= Your instructions =
Copy each entry below exactly. No images.

= Exercise data =
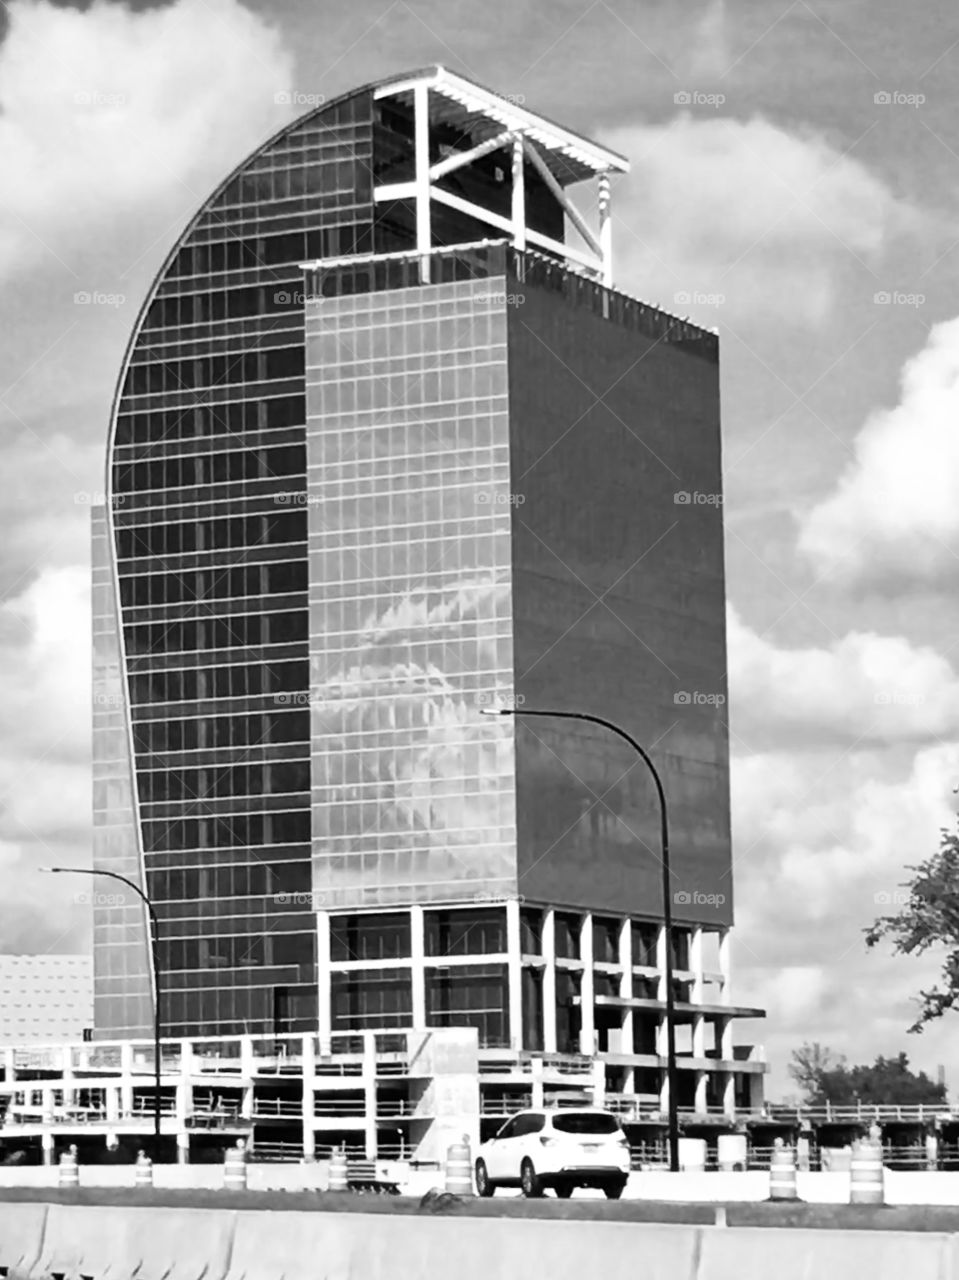 Eyesore of I4 aka The Majesty building. I call it The Sailboat building. 
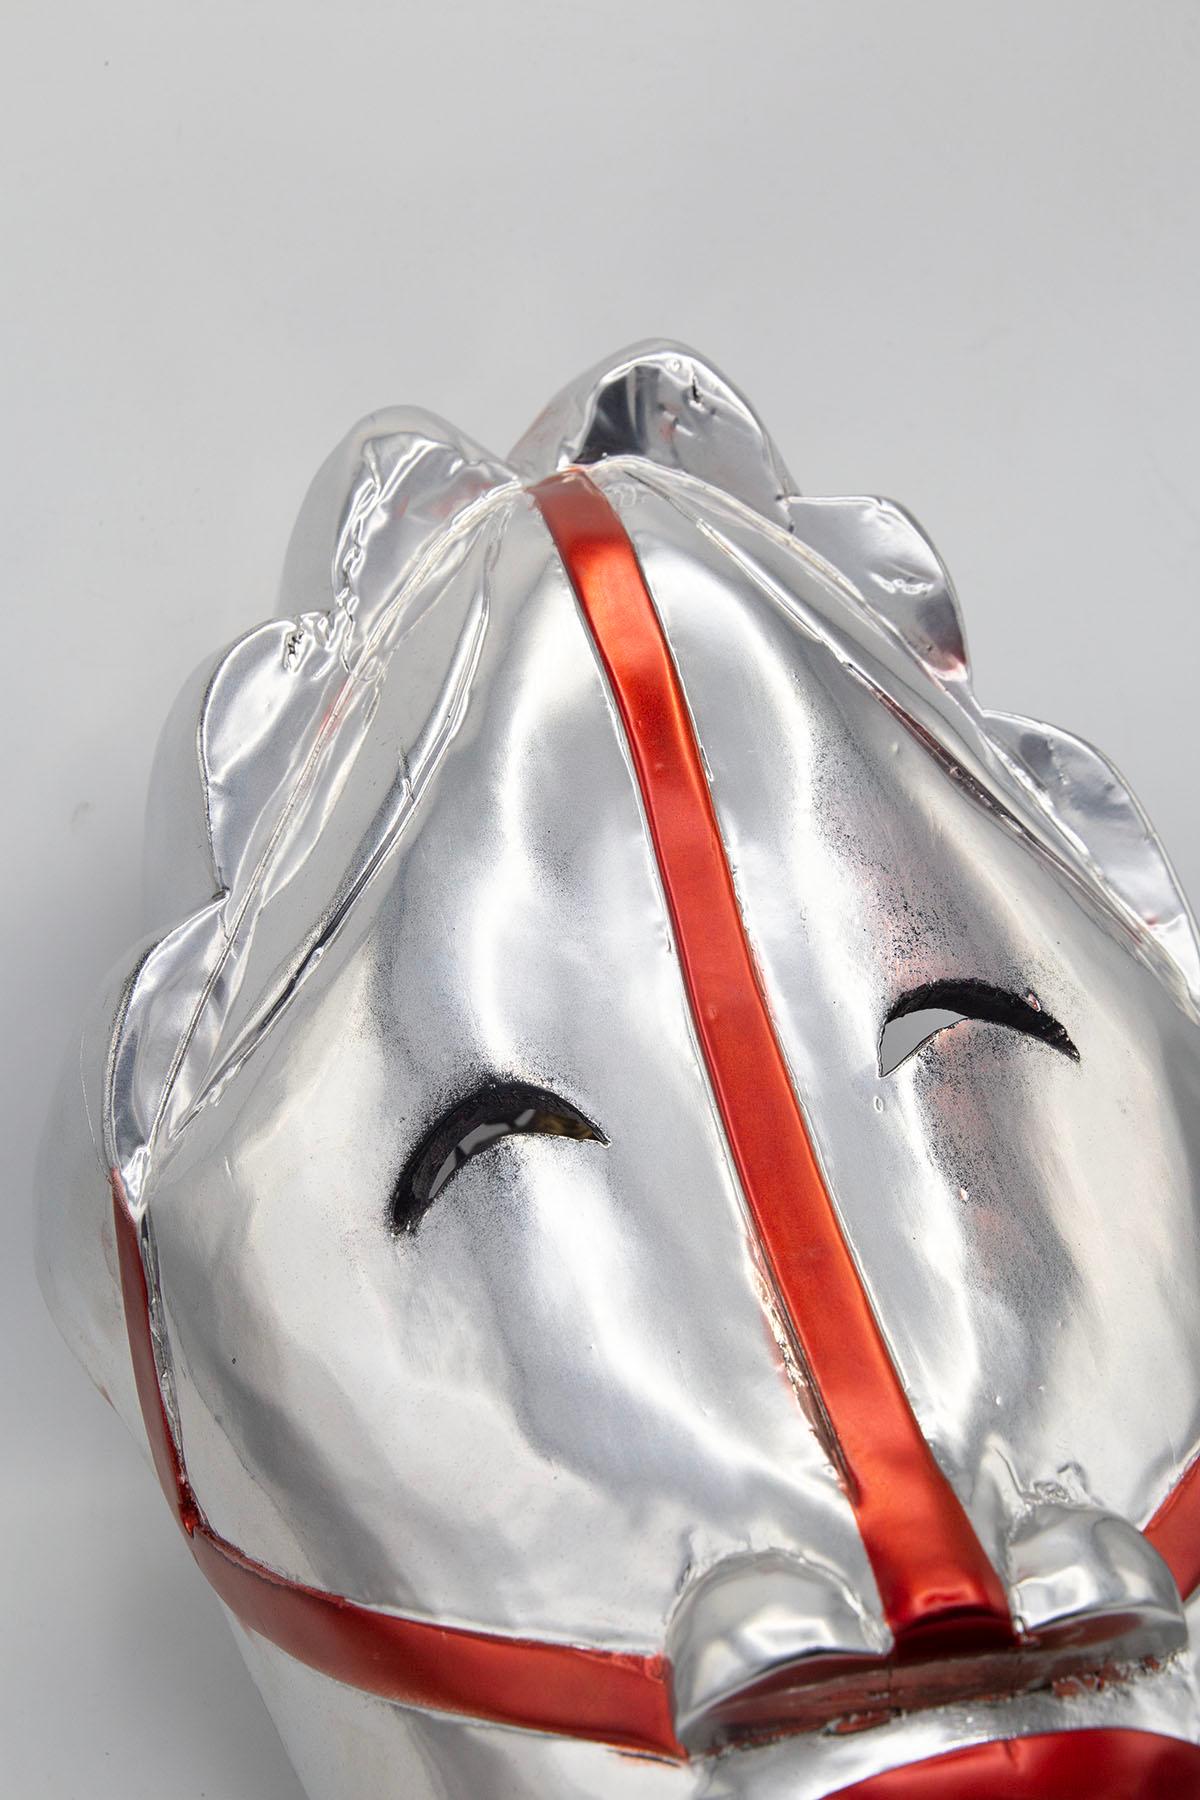 Wood African Futurist Silver Mask Created by Bomber Bax For Sale
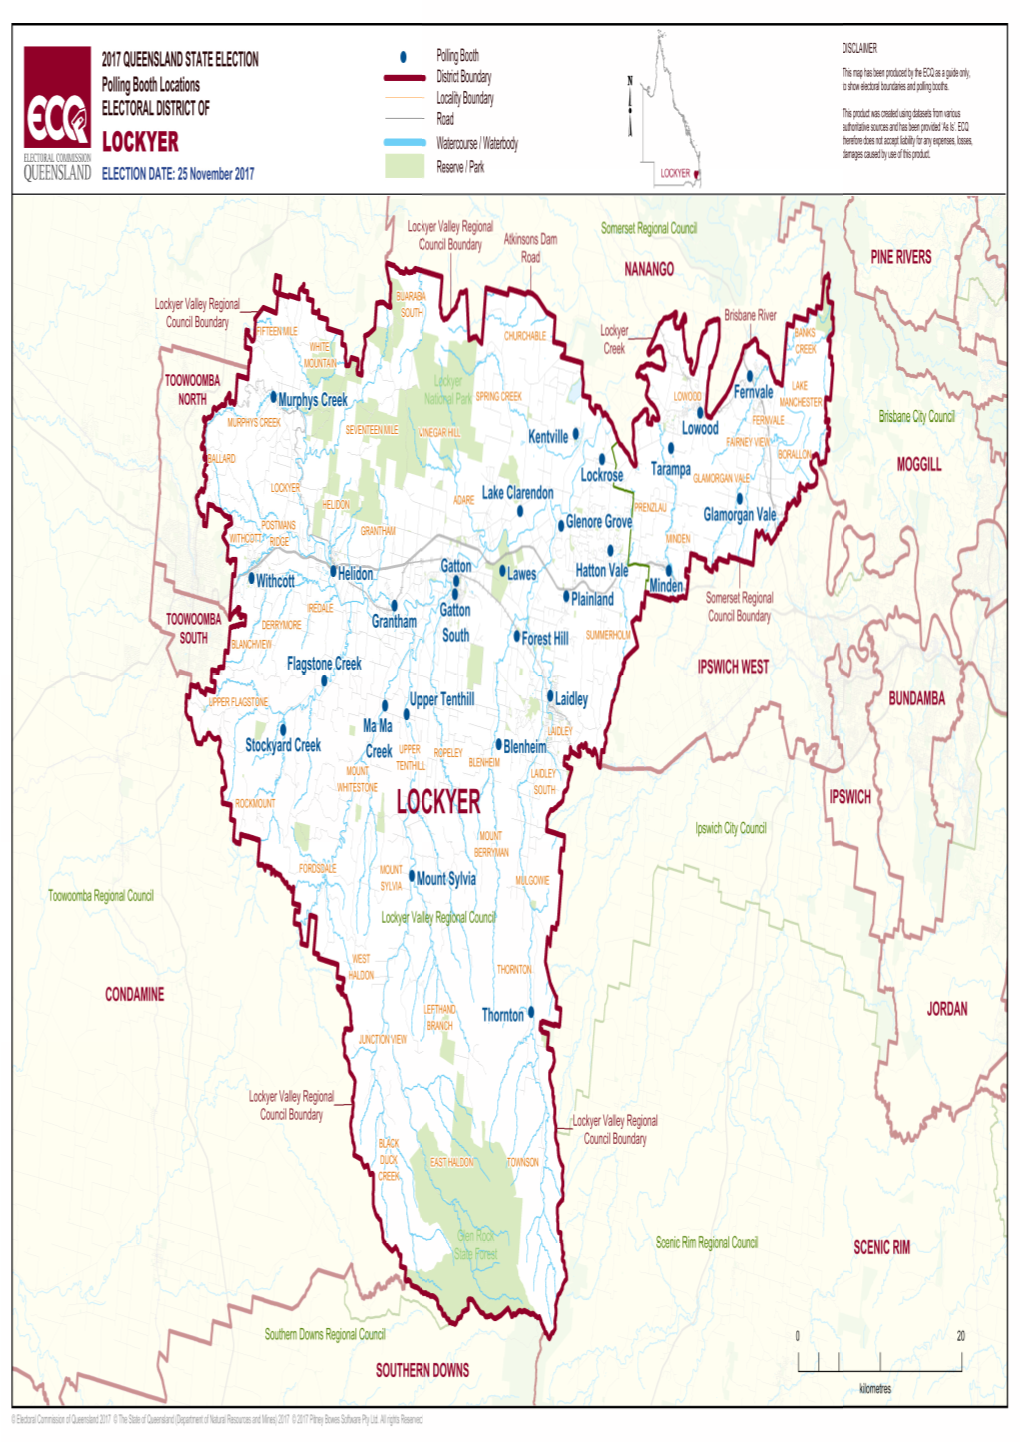 Polling Booth Locations ELECTORAL DISTRICT of LOCKYER
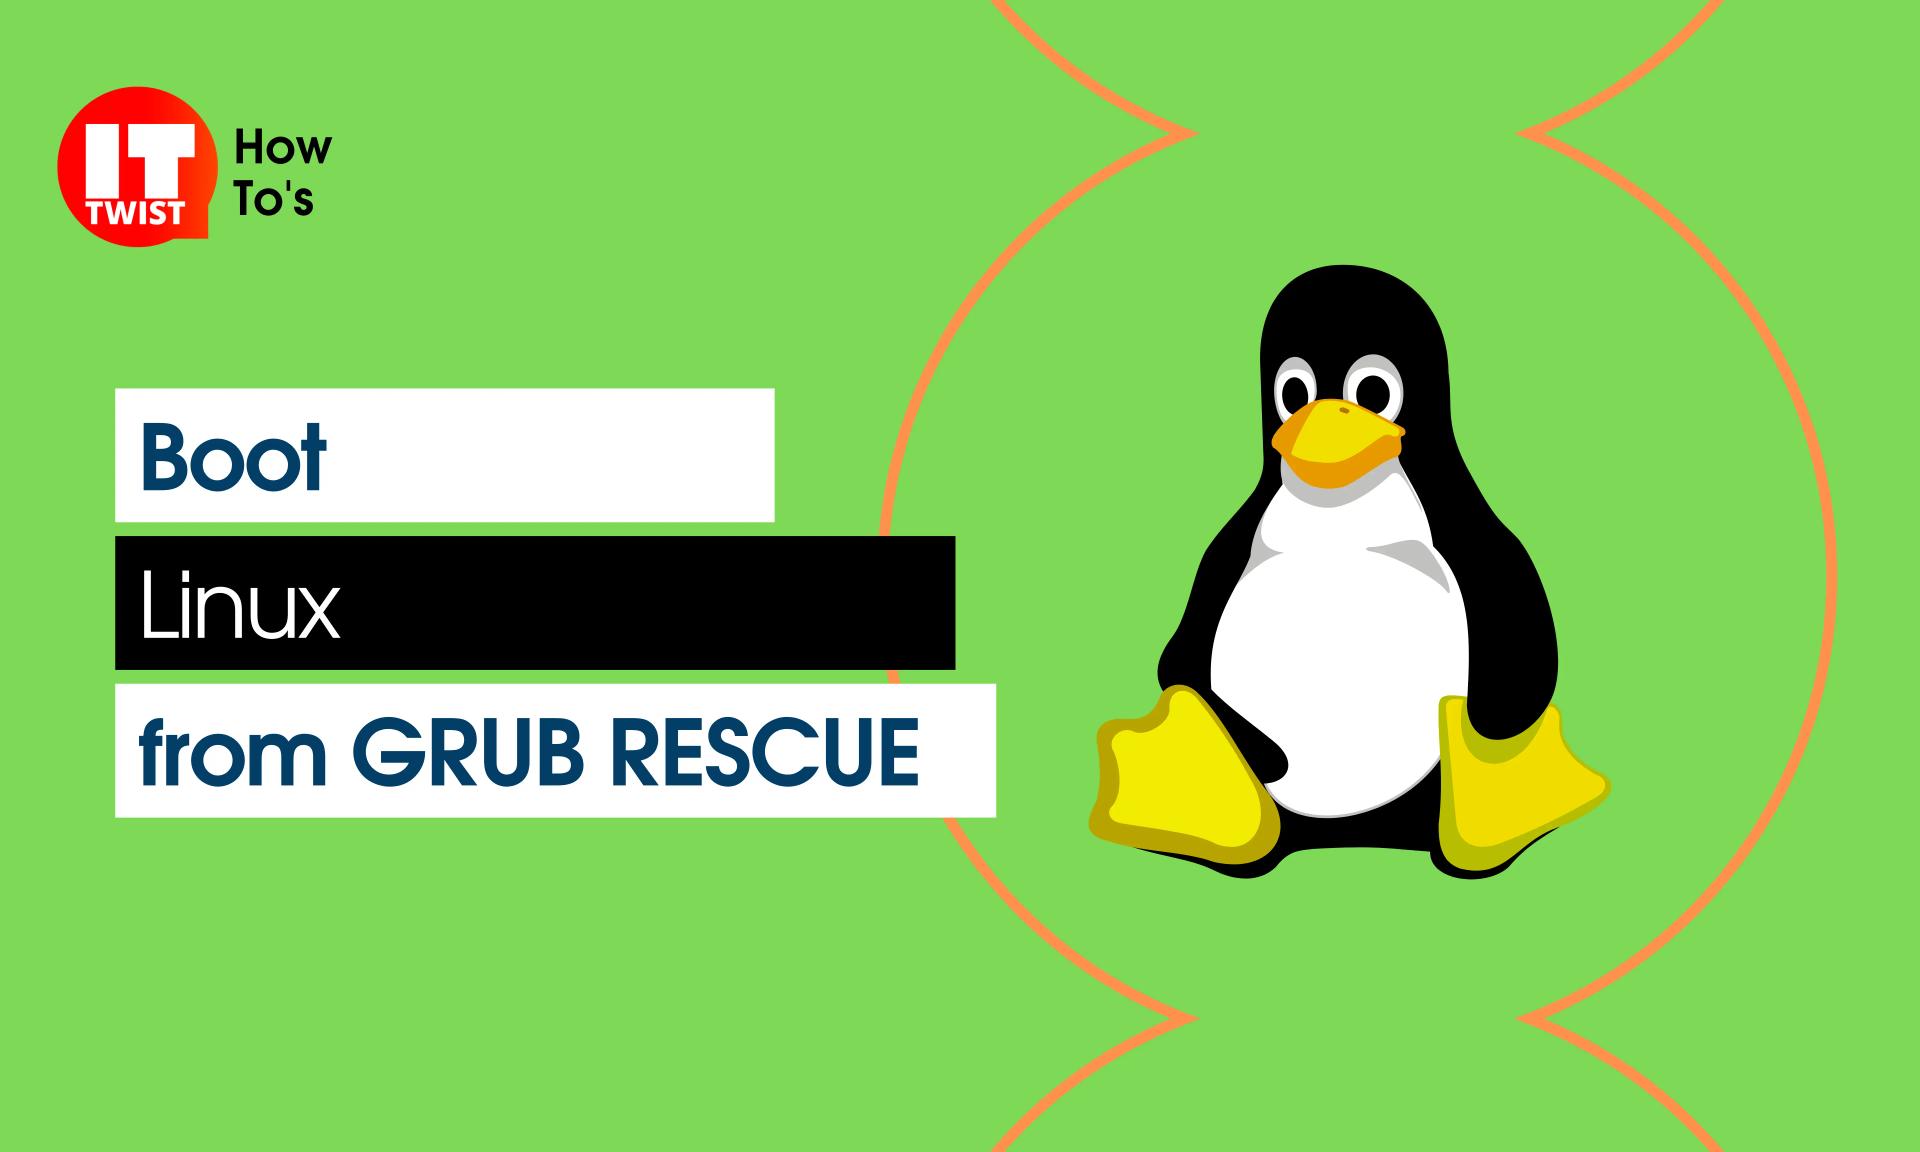 How to boot Linux from grub rescue?
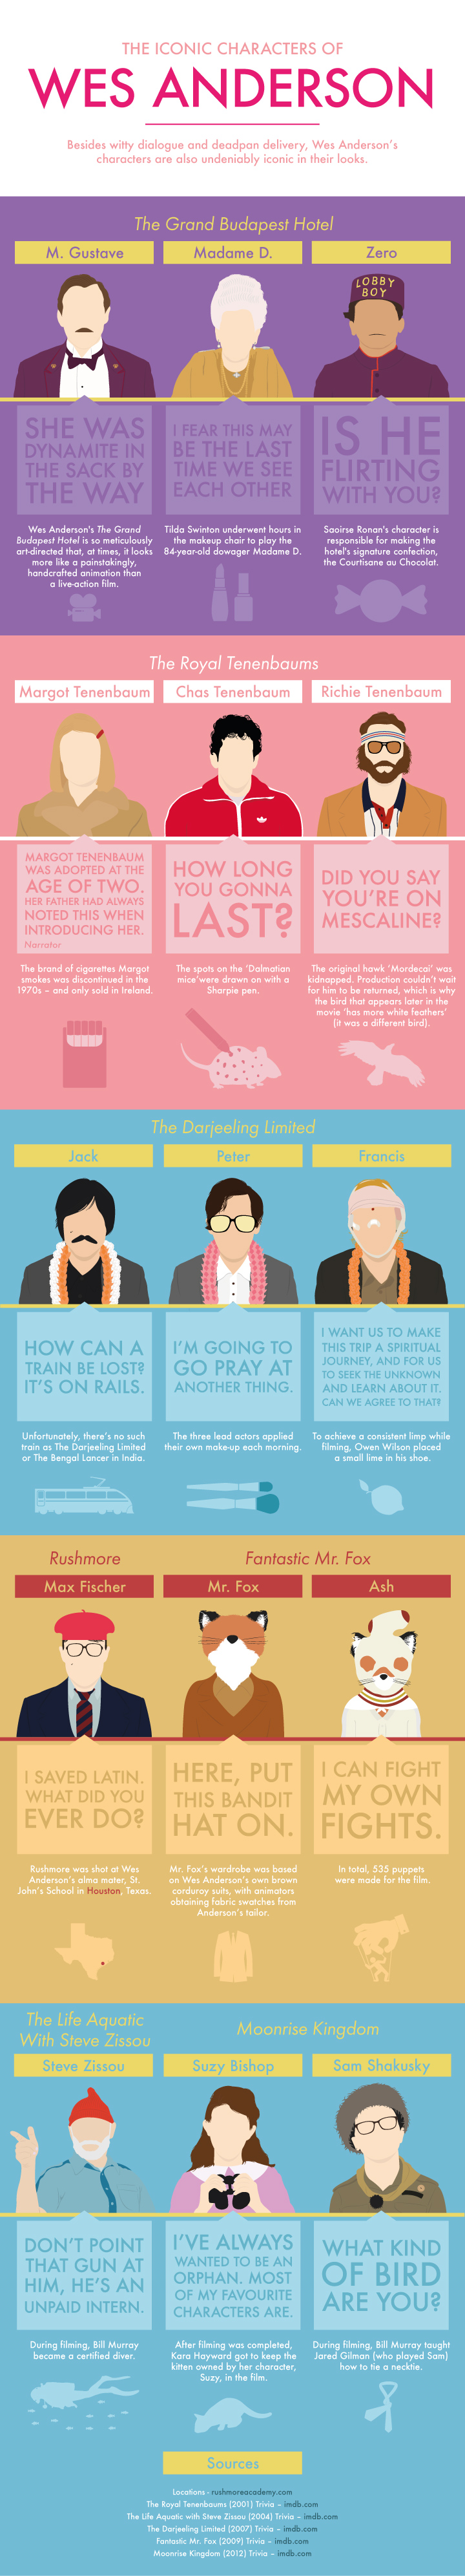 The Iconic Characters of Wes Anderson

= Final answer =
 Eyesore of I4 aka The Majesty building. I call it The Sailboat building. 
 Wood African Futurist Silver Mask Created by Bomber Bax For Sale
 Polling Booth Locations ELECTORAL DISTRICT of LOCKYER
 How to boot Linux from grub rescue?
 The Iconic Characters of Wes Anderson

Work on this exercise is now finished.